Start of MATERIAL FOR THIS TASK
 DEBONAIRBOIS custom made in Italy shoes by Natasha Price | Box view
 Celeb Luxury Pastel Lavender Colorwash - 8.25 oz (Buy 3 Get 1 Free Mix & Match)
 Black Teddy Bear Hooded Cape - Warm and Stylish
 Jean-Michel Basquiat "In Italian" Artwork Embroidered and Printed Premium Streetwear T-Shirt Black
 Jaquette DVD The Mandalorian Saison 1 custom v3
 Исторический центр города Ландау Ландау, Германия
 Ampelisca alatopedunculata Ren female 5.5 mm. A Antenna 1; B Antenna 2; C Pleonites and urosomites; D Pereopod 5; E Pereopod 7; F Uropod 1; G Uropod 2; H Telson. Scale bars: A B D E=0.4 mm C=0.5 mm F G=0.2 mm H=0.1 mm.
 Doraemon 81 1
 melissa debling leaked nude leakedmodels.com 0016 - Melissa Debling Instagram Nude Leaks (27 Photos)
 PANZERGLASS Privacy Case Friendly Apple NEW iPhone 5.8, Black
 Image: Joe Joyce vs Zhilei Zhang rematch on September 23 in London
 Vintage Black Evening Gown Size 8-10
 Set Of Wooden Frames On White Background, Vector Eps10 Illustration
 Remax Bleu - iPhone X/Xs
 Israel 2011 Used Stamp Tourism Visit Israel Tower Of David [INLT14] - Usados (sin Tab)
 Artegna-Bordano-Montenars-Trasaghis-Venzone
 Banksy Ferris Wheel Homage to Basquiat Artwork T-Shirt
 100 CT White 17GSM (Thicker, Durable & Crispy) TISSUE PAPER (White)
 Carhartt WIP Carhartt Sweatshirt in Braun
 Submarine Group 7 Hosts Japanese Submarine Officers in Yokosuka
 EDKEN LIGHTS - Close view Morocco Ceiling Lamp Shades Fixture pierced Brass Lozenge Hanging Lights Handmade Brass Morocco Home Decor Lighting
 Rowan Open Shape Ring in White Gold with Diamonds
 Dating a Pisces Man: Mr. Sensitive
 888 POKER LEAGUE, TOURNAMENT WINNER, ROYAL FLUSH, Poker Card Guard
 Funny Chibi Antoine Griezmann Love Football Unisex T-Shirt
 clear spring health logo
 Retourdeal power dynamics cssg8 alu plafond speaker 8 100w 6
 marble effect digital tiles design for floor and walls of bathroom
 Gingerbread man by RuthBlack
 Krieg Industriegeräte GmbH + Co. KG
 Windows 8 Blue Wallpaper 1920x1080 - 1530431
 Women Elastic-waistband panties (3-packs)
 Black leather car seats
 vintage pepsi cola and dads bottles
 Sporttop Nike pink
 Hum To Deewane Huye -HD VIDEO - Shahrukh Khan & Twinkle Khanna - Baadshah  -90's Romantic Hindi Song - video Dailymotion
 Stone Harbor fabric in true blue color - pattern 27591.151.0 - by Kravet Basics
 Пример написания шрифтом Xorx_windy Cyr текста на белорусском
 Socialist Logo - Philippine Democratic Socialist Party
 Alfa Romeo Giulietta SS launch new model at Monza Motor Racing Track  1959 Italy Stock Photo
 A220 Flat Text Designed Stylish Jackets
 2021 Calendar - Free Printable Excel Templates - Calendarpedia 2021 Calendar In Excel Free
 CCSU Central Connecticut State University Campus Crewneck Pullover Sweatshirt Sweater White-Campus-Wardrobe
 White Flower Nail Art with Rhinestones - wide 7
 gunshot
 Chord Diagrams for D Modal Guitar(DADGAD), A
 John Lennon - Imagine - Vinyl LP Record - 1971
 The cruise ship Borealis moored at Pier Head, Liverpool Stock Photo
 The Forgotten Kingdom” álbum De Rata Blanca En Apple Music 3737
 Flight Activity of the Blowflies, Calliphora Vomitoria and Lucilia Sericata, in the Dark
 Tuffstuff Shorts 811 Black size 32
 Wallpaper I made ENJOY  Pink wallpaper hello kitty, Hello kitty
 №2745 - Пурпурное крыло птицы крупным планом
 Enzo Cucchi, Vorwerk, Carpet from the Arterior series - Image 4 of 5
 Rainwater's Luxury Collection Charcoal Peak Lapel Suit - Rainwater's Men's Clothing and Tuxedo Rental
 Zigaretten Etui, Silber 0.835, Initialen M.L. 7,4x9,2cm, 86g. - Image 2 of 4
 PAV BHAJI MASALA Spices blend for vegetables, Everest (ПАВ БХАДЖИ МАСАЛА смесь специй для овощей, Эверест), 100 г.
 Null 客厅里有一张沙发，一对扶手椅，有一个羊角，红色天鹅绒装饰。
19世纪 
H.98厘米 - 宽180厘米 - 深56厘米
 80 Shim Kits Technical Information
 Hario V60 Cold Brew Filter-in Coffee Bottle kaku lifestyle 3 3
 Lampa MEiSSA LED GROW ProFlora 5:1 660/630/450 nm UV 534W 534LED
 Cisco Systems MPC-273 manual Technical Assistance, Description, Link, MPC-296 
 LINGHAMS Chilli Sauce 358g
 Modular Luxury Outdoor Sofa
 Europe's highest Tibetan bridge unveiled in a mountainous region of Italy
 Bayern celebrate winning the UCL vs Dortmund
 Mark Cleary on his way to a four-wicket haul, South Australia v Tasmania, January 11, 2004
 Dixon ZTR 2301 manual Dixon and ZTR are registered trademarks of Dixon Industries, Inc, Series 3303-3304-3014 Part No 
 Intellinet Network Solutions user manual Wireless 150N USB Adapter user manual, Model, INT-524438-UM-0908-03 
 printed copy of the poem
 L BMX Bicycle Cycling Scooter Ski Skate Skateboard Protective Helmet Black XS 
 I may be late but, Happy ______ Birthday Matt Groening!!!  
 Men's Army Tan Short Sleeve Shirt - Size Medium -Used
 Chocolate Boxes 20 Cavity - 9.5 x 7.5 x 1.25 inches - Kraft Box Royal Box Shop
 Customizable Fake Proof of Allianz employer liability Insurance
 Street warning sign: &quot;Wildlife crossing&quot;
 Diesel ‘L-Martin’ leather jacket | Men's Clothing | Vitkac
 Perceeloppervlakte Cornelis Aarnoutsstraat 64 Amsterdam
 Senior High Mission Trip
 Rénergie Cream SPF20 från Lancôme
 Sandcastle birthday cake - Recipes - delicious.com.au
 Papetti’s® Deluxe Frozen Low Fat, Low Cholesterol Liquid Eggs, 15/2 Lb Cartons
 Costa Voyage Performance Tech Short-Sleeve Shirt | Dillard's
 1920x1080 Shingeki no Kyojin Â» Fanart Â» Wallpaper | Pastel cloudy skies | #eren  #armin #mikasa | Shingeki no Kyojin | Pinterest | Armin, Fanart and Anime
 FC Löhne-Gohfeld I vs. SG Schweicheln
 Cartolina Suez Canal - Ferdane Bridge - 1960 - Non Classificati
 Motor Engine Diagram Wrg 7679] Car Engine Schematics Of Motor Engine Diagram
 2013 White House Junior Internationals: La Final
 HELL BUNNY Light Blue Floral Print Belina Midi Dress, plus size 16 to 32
End of MATERIAL FOR THIS TASK
◆ **WHAT YOU ARE ASKED TO DO**:
Lines to set down from above: the line with "Wallpaper I made", the line with "80 Shim Kits Technical Information", and every line between, each exactly as written.

◆ **WRITTEN REPLY**:
 Wallpaper I made ENJOY  Pink wallpaper hello kitty, Hello kitty
 №2745 - Пурпурное крыло птицы крупным планом
 Enzo Cucchi, Vorwerk, Carpet from the Arterior series - Image 4 of 5
 Rainwater's Luxury Collection Charcoal Peak Lapel Suit - Rainwater's Men's Clothing and Tuxedo Rental
 Zigaretten Etui, Silber 0.835, Initialen M.L. 7,4x9,2cm, 86g. - Image 2 of 4
 PAV BHAJI MASALA Spices blend for vegetables, Everest (ПАВ БХАДЖИ МАСАЛА смесь специй для овощей, Эверест), 100 г.
 Null 客厅里有一张沙发，一对扶手椅，有一个羊角，红色天鹅绒装饰。
19世纪 
H.98厘米 - 宽180厘米 - 深56厘米
 80 Shim Kits Technical Information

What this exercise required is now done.